While there are some fine programs to analyze your apache-logs, you can extract some basics information with bash-commands. These are some real-life examples I used after I put pictures I took online. Those pictures where taken at the traditional “Narrensuppe” (Jester’s Soup) which in our town kicks off the [carneval]-activities. I put them online, because many people asked me if they could have them. So now I want to know if they got them… :)
This number is realy the number of ‘people’ visiting the site. There might be many people watching the photos on screen, but they are only counted once. On the other hand, people on dial-up might get counted more than once if they get different IP-adresses when connecting multiple times. So, while the exact number is hard to measure, this is still interesting:
cat /var/log/apache2/narrensuppe.krone-neuenburg.de-access_log | cut -d- -f1 | sort | uniq | wc -l
‘cat /var/log/apache2/narrensuppe.krone-neuenburg.de-access_log’ reads the logfile and starts the pipe.
‘cut -d- -f1’ splits the line at “-” signs (“-d-” ) and takes the first part (“field”, “-f1”), which happens to be the ip-adress of the visitor.
‘sort’ sorts the ip-adresses, and ‘uniq’ supresses identical lines.
Finally, ‘wc -l’ counts the number of lines. (some 100 visitors after 3 days. Not bad for a crowd of 130 Jesters!)
p15156159:~ # cat /var/log/apache2/narrensuppe.krone-neuenburg.de-access_log | cut -d- -f1 | sort | uniq | wc -l
100
Ok, apache-mirror, tell me who is the most beautiful Jester here!

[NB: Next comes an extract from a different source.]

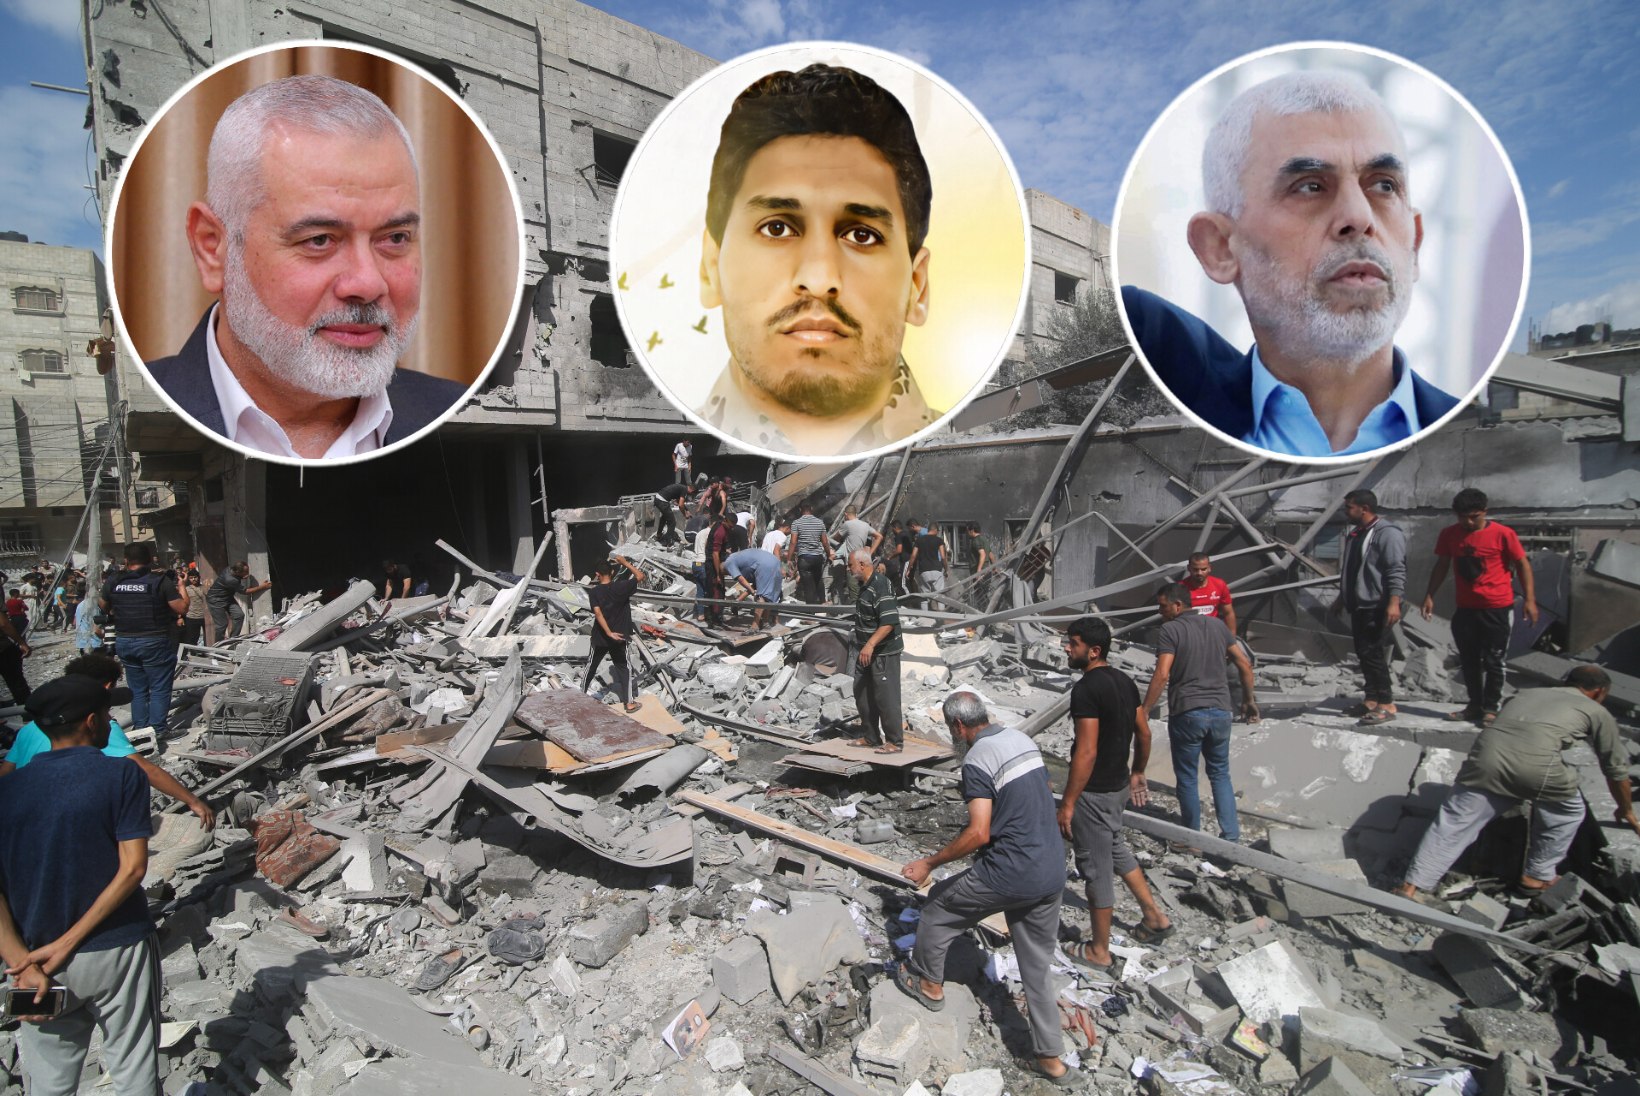 POLIITIK, VÕITLEJA JA JUHT: Hamasi tüürivad kolm ohtlikku terroristi, kelle tabamine on käinud Iisraelile üle jõu

cat /var/log/apache2/narrensuppe.krone-neuenburg.de-access_log | grep "GET /NSuppe" | cut -d] -f2 | cut -d/ -f2 | cut -d' ' -f1 | sort |uniq -c | sort
‘cat /var/log/apache2/narrensuppe.krone-neuenburg.de-access_log’ reads the logfile and starts the pipe. This is how such a line looks:
192.168.141.114 - - [06/Feb/2005:15:57:30 +0100] "GET /NSuppe2005-252.jpg HTTP/1.1" 200 980809 "http://narrensuppe.krone-neuenburg.de/1.html" "Mozilla/4.0 (compatible; MSIE 6.0; Windows NT 5.0; DigExt)"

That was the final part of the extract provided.